Rozgoryczenia nie kryją Ormianie, przekonani, że w kolejnym konflikcie z Azerbejdżanem nie ma co liczyć na pomoc Rosjan. 8 stycznia aktywiści związani z Narodowym Sojuszem Demokratycznym – prozachodnią partią nacjonalistyczną – zablokowali drogę dojazdową do rosyjskiej bazy wojskowej w Giumri (zachodnia część Armenii) i wezwali Rosjan do interwencji w korytarzu laczyńskim. W trakcie blokady pojawiły się treści antyrosyjskie oraz hasła określające rosyjskich żołnierzy mianem okupantów. Zgromadzenie zostało rozwiązane przez władze.

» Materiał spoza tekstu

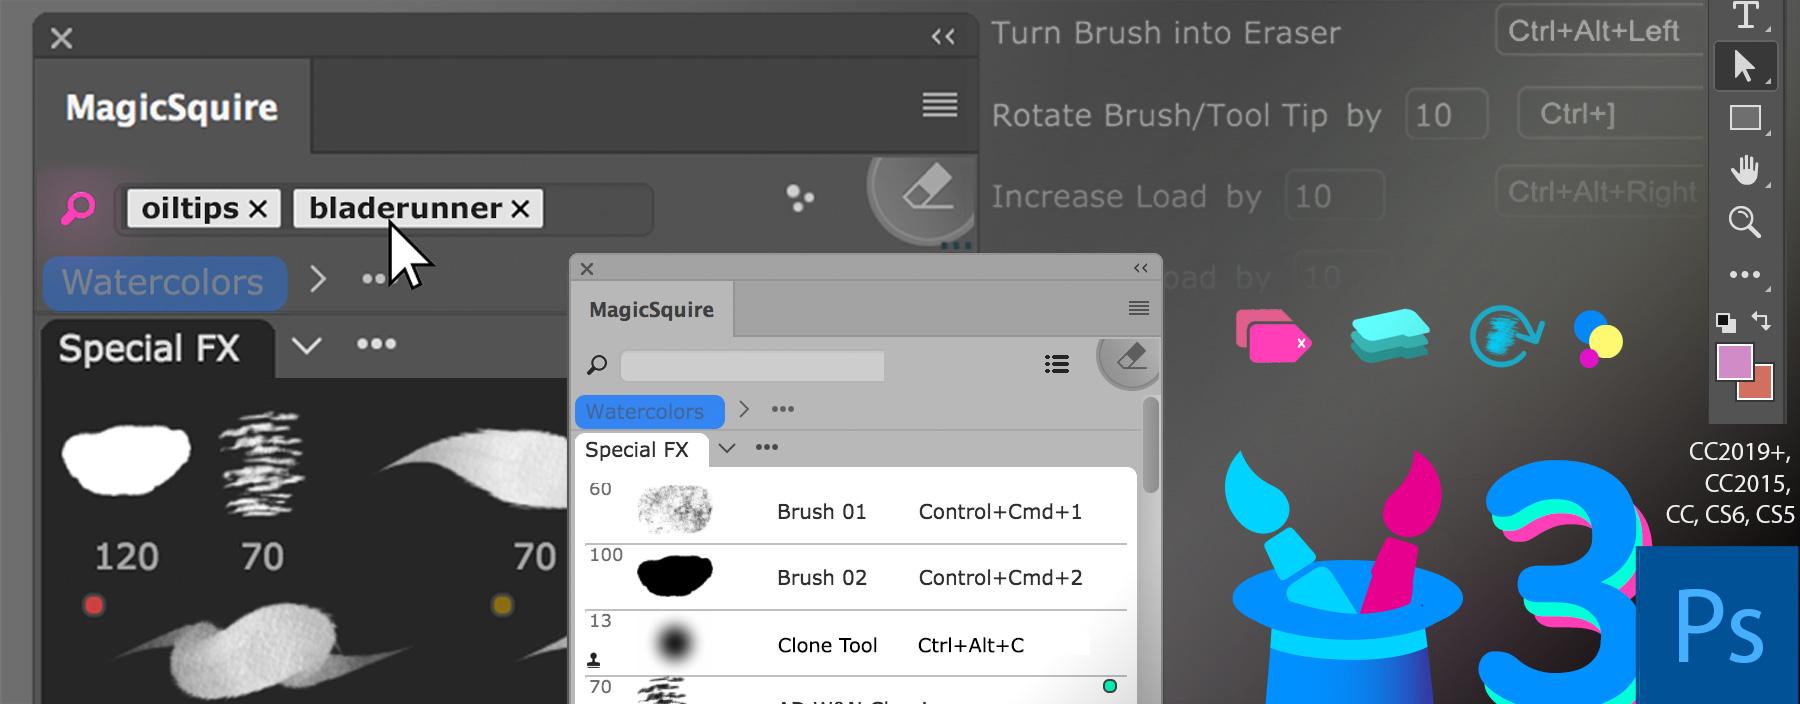 MagicSquire 3.1: Brush Tags improved, Collections speeded up, more

Zmiana nastrojów społecznych w Armenii względem Rosji jest widoczna. Nowy ogólnokrajowy sondaż przeprowadzony w marcu w Armenii przez Center for Insights in Survey Research (CISR) Międzynarodowego Instytutu Republikańskiego (IRI) zadał respondentom pytanie: „Jak oceniasz obecny stan relacji między Armenią a Rosją?”. W październiku 2019 roku 93% respondentów oceniała relacje pozytywnie, a tylko 6% negatywnie. W marcu obecnego roku stosunek ten wyniósł 50% do 49%.

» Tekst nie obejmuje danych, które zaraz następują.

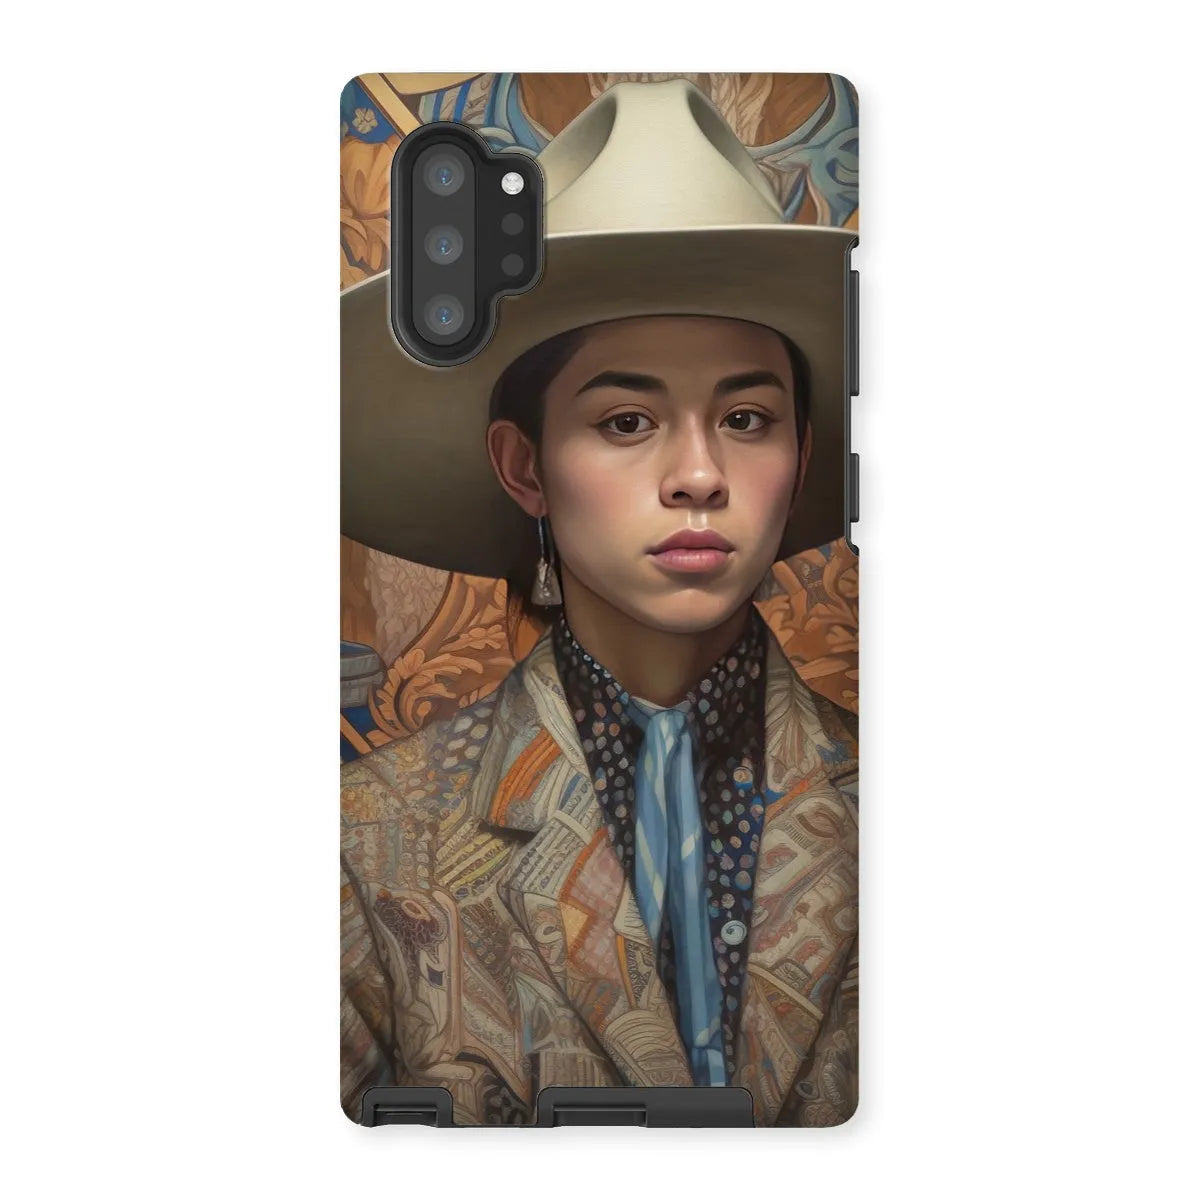 Angel The Transgender Cowboy - F2m Outlaw Art Phone Case - Samsung Galaxy Note 10p / Matte - Mobile Phone Cases

Mimo to, jeśli starcia na granicy armeńsko-azerbejdżańskiej będą się powtarzały i eskalowały sytuację w regionie, premier Paszinjan może ugiąć się pod tą presją i dać zielone światło dla misji obserwacyjnej OUBZ na terenie swojego kraju. Gotowość do jej zorganizowania wyrażają władze rosyjskie oraz przedstawicielstwo organizacji. Wszystko zależy od tego, jaką decyzję podejmą władzę w Erywaniu. Co jeśli to rozwiązanie nie zda rezultatu? „Armenia opuści OUBZ, jeśli okaże się, że to OUBZ opuściło Armenię. Jest to możliwe, jeśli organizacja stanie się niefunkcjonalna. Wtedy będziemy musieli samodzielnie rozwiązać nasze problemy związane z bezpieczeństwem” – powiedział 22 maja premier Nikol Paszinjan podczas konferencji prasowej.


Rosnący apetyt Azerbejdżanu


Odzyskanie Górskiego Karabachu jest jednym z głównych celów polityki prezydenta Ilhama Alijewa. Do tej pory udało mu się to osiągnąć połowicznie. W wyniku wojny 44-dniowej (27 września – 9 listopada 2020 roku) odzyskał kontrolę nad terenami przyległymi do Górskiego Karabachu oraz nad skrawkiem Karabachu właściwego, wraz z miastem Şuşa. Wcześniej terytoria te kontrolowali karabascy Ormianie, mimo że tereny okalające Karabach nigdy nie wchodziły w skład Górnokarabaskiego Okręgu Autonomicznego. Tworu powstałego decyzją władz radzieckich, a będącego częścią radzieckiego Azerbejdżanu.

(Wikipedia)
Odzyskane tereny znajdowały się pod kontrolą władz w Stepanakercie od 1994 roku, czyli zawieszenia broni kończącego działania wojenne w latach 1991–1994. W ich wyniku obszary te opuściło ponad 600 tysięcy Azerów, niemogących wrócić do zniszczczonych domów oraz obawiających się represji ze strony Ormian. Wielu do dzisiaj mieszka w prowizorycznych obozach albo mieszkaniach socjalnych. Możliwość powrotu do odbudowanej, ojczystej ziemi ma im dać namiastkę normalności oraz zadośćuczynić krzywdom, jakich doznali, stając się uchodźcami wewnętrznymi.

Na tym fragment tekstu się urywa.